Driven largely by the increased computing needs of artificial intelligence (AI), data centers are running out of power to grow. In the U.S., data centers are on track to consume as much as 12 percent of total U.S. electricity by 2028. Thirty percent of a data center’s total power draw comes from cooling the infrastructure. A new study looks at a way to ease that strain: pairing data center cooling systems with an emerging geothermal technology called Cold Underground Thermal Energy Storage (Cold UTES).

Cold UTES stores cold water underground during off peak hours and draws it back up to meet cooling demand when it’s needed most. Unlike a conventional battery, it can hold that stored cooling capacity for weeks or even an entire season. To test the idea, Andrew Chien, the William Eckhardt Distinguished Service Professor of Computer Science at the University of Chicago, and his University of Chicago co-author Wedan Emmanuel Gnigba modeled Cold UTES equipped data centers in three major U.S. markets: Virginia, Arizona, and Texas—regions chosen for their differing climates and grid conditions. Across the three sites, Cold UTES increased available IT power capacity by 9.8 percent. The biggest gains were seen in Arizona’s hot, dry climate, where capacity rose by 11 percent.
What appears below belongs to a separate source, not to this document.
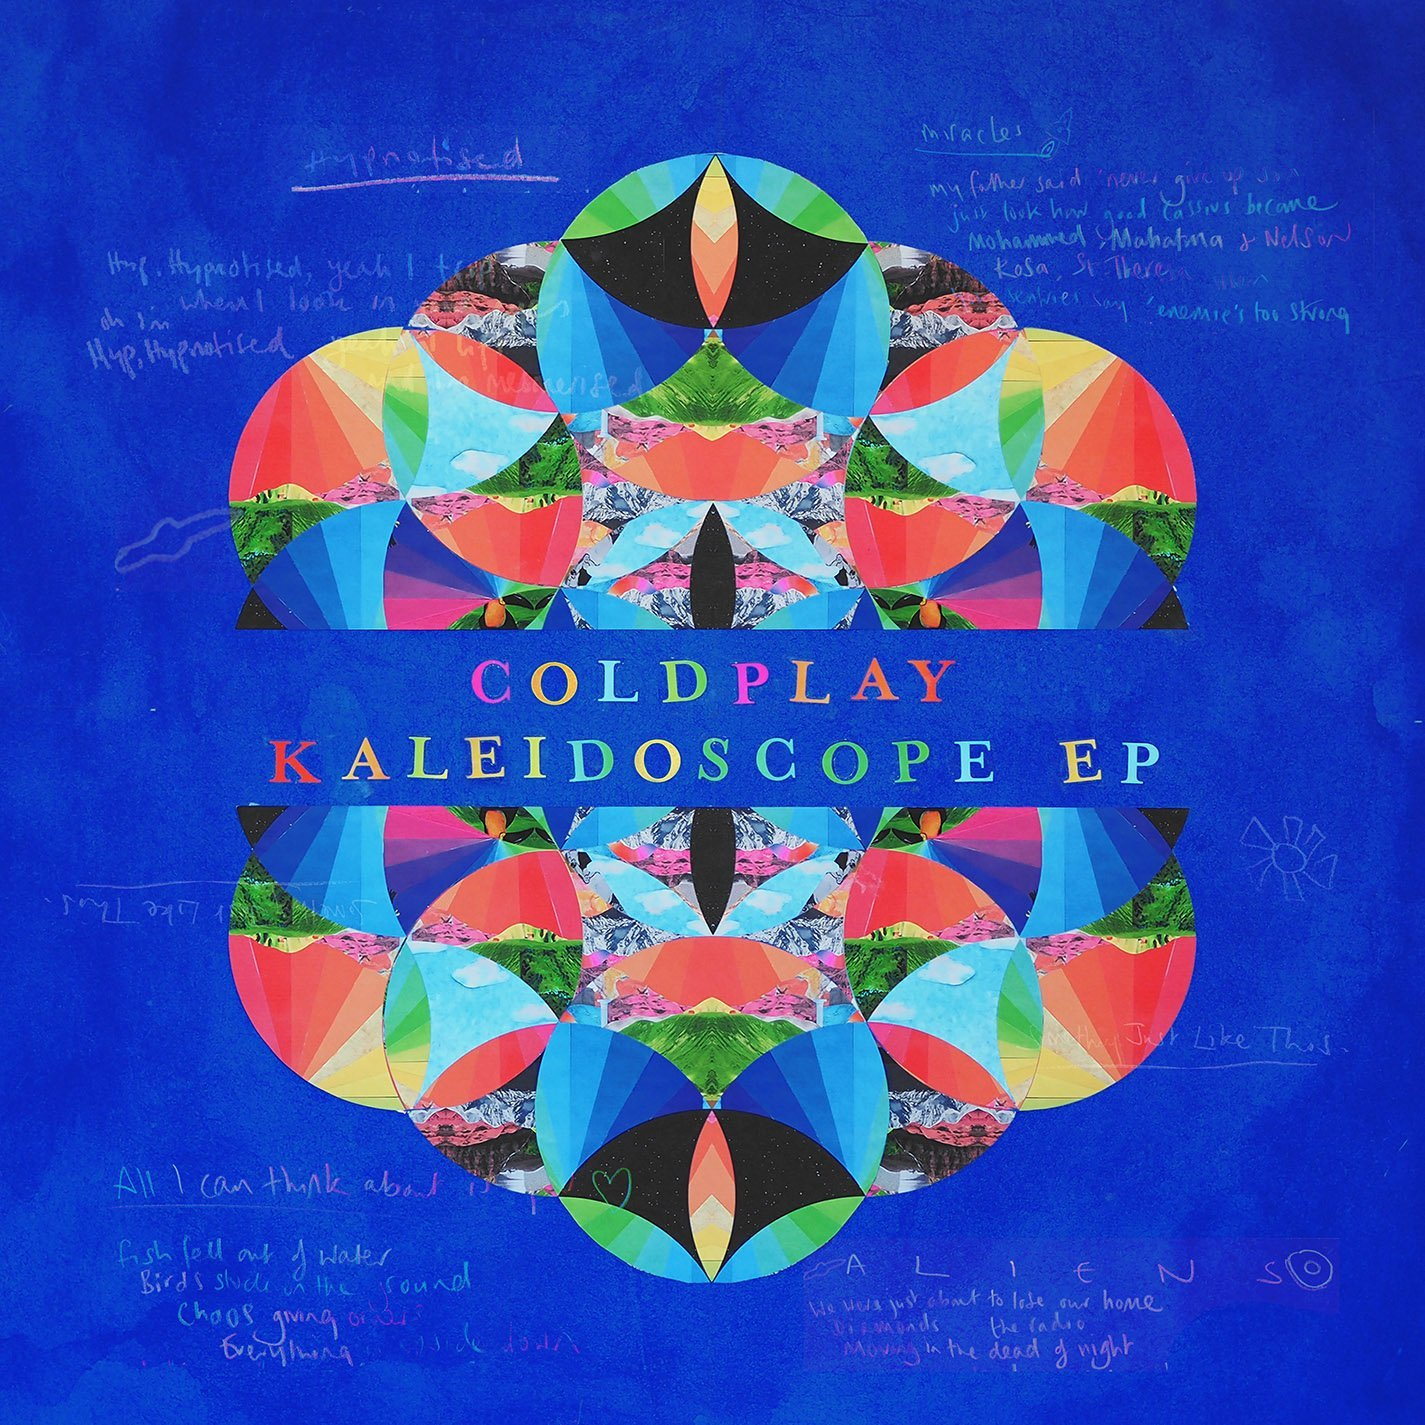 Coldplay, Kaleidoscope EP | Album Review

“The key benefit of Cold UTES is that is enables data centers to make better use of their grid interconnection capacity, reducing pressure on the grid for power, and enabling AI companies to run more GPUs,” says Chien of the broader research effort behind the technology. “Given the more than $10 billion price tags on AI data centers, the 11 percent increase we have demonstrated could mean savings of billions of dollars. Cold UTES ability to create flexible cooling is a powerful new way to make and operate data centers.”

The technology also improved cooling efficiency and eased pressure on space constrained equipment like rooftop dry coolers, the study finds, extending how long a facility can keep scaling before it outgrows its physical footprint.

The research is part of a broader Cold UTES collaboration funded by the U.S. Department of Energy’s Geothermal Technologies Office, which also includes the National Laboratory of the Rockies, Lawrence Berkeley National Laboratory, and Princeton University.

“With data center operators and grid planners racing to keep pace with AI-driven power demand, the findings point to underground cold storage as one option to accelerate AI capacity at lower cost and reducing the need to build new data centers and new power plants,” Chien says.